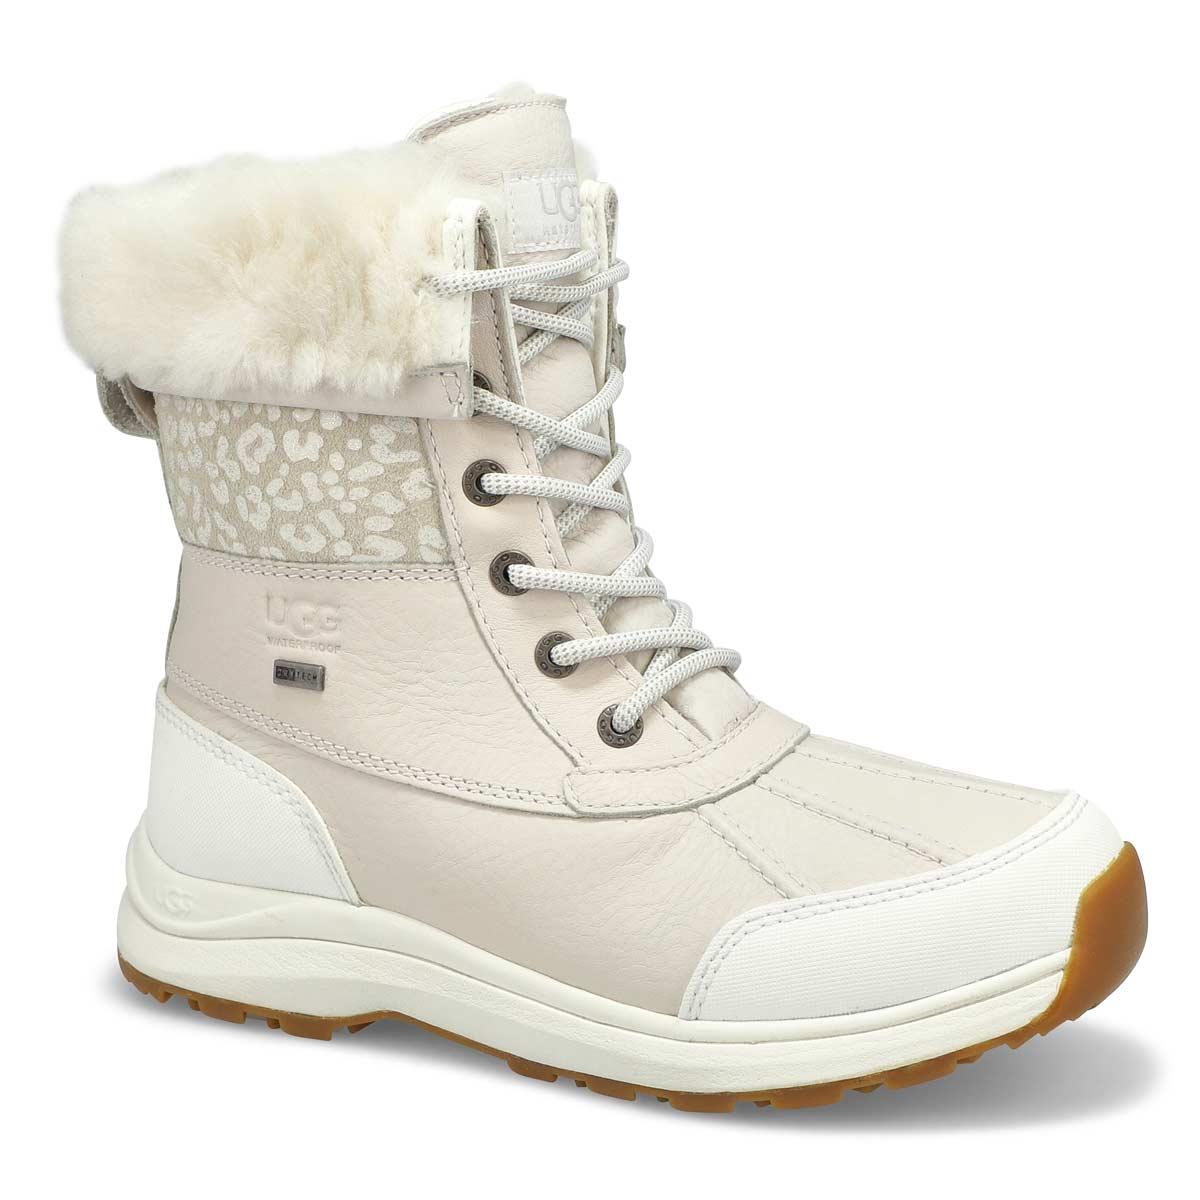 Bottes ADIRONDACKIII, léopard/neige blanc, femmes
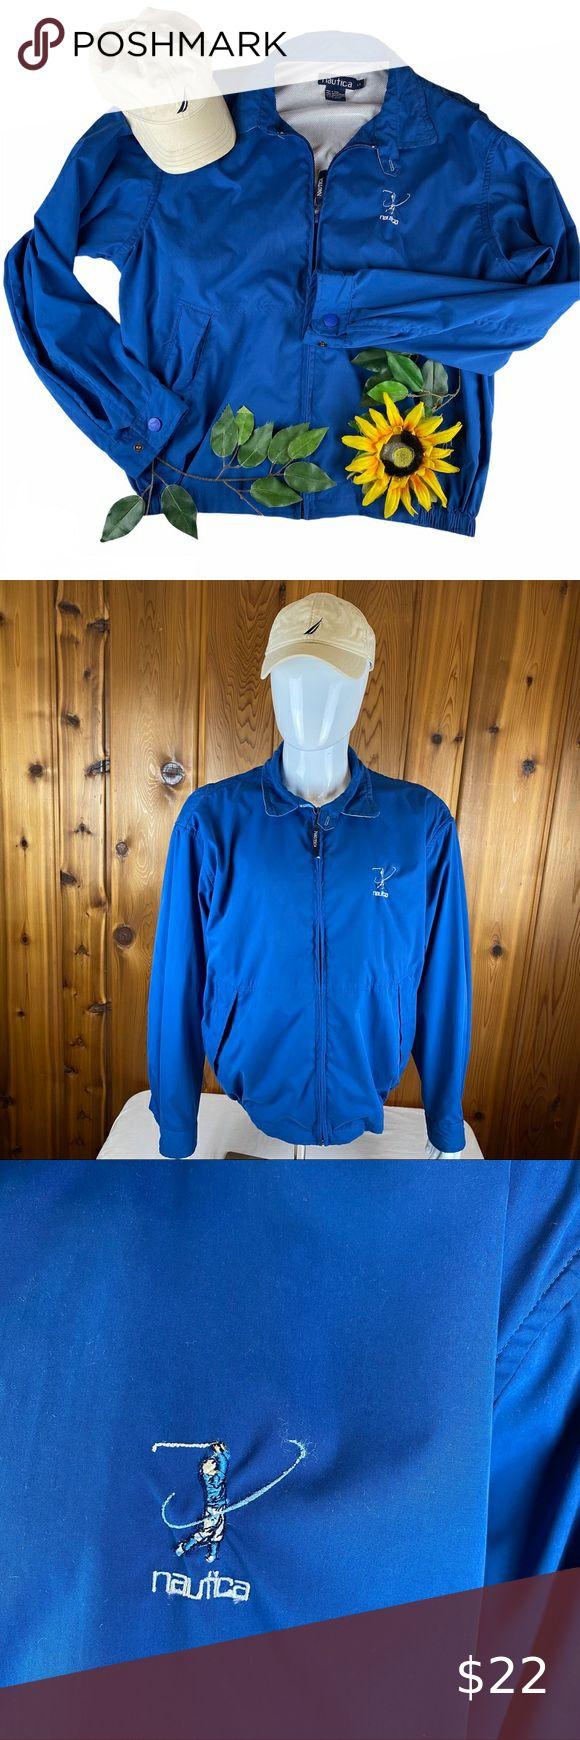 Nautica Mens Golf Swing Windbreaker Jacket Mesh Nautica Mens Golf Swing Windbreaker Jacket Blue Solid Mesh Pockets Coll In 2020 Golf Swing Windbreaker Jacket Mens Golf [ 1740 x 580 Pixel ]
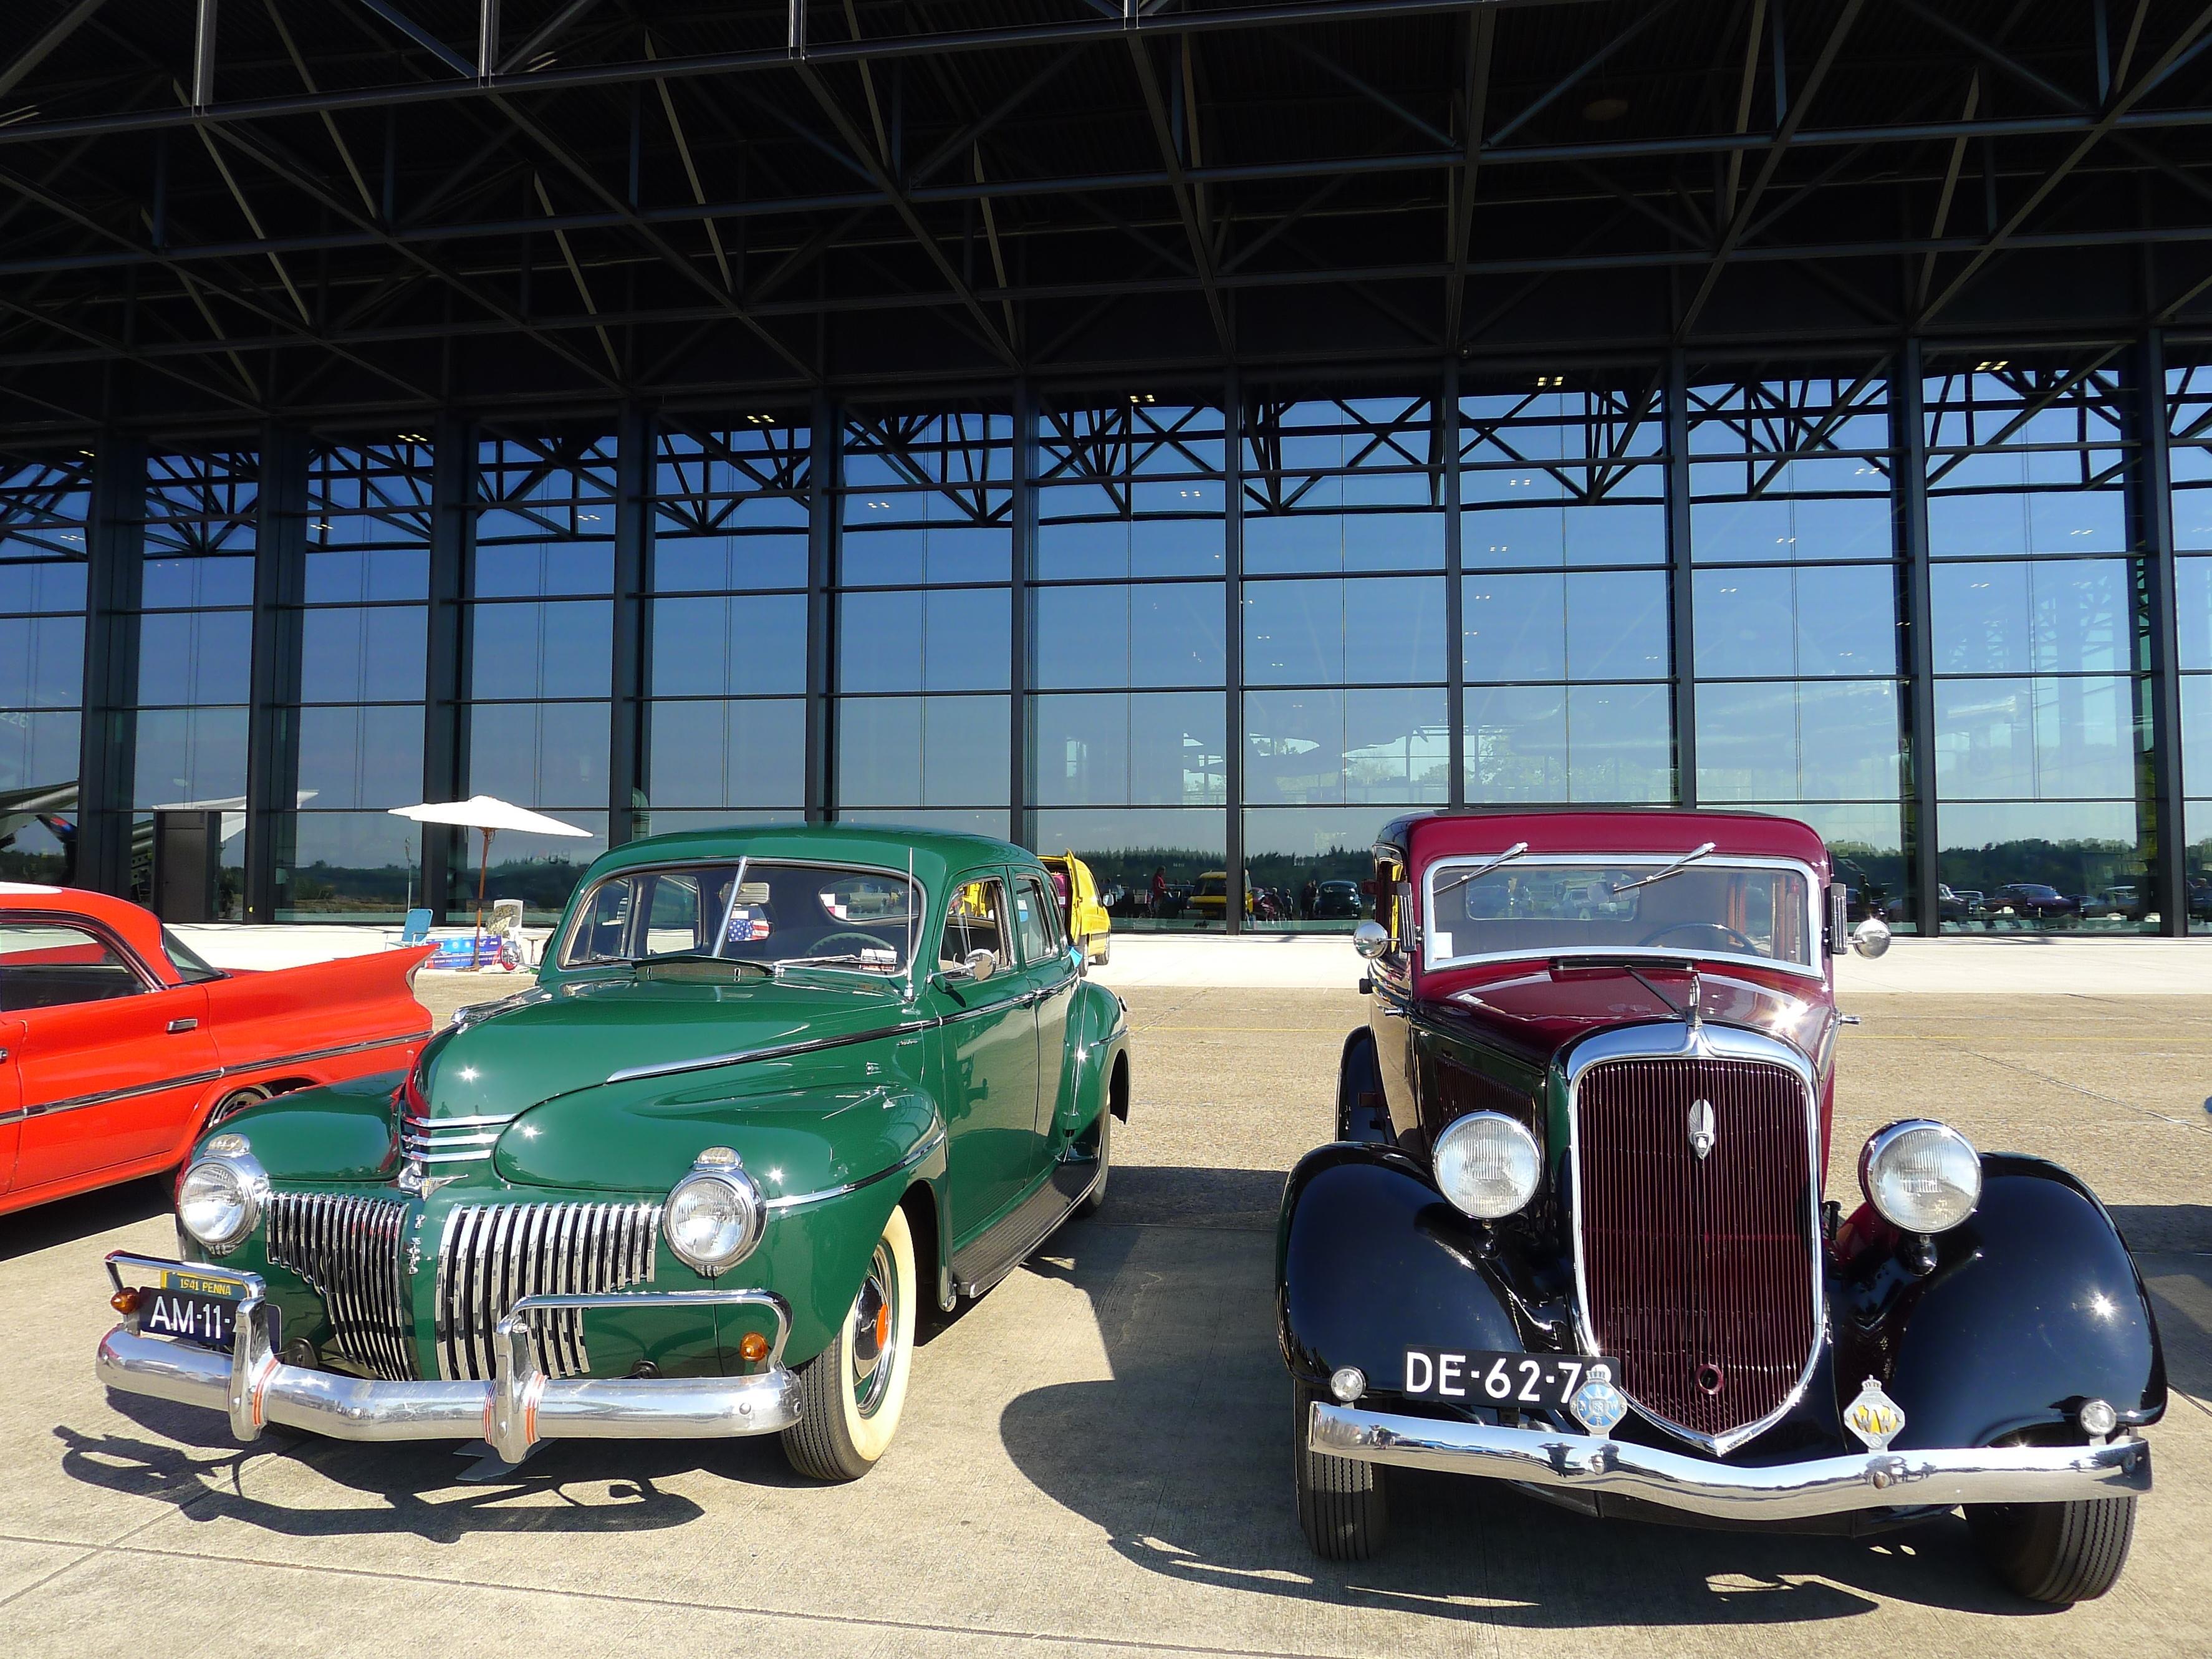 050_Nederland_Soesterberg_Dutch_Chrysler_USA_Classic_Car_Meeting_2016_@_Nationaal_militair_museum

Assigned task:
A word-for-word retyping of the material above is expected, without pictures.

Response:
 Bottes ADIRONDACKIII, léopard/neige blanc, femmes
 Nautica Mens Golf Swing Windbreaker Jacket Mesh Nautica Mens Golf Swing Windbreaker Jacket Blue Solid Mesh Pockets Coll In 2020 Golf Swing Windbreaker Jacket Mens Golf [ 1740 x 580 Pixel ]
 050_Nederland_Soesterberg_Dutch_Chrysler_USA_Classic_Car_Meeting_2016_@_Nationaal_militair_museum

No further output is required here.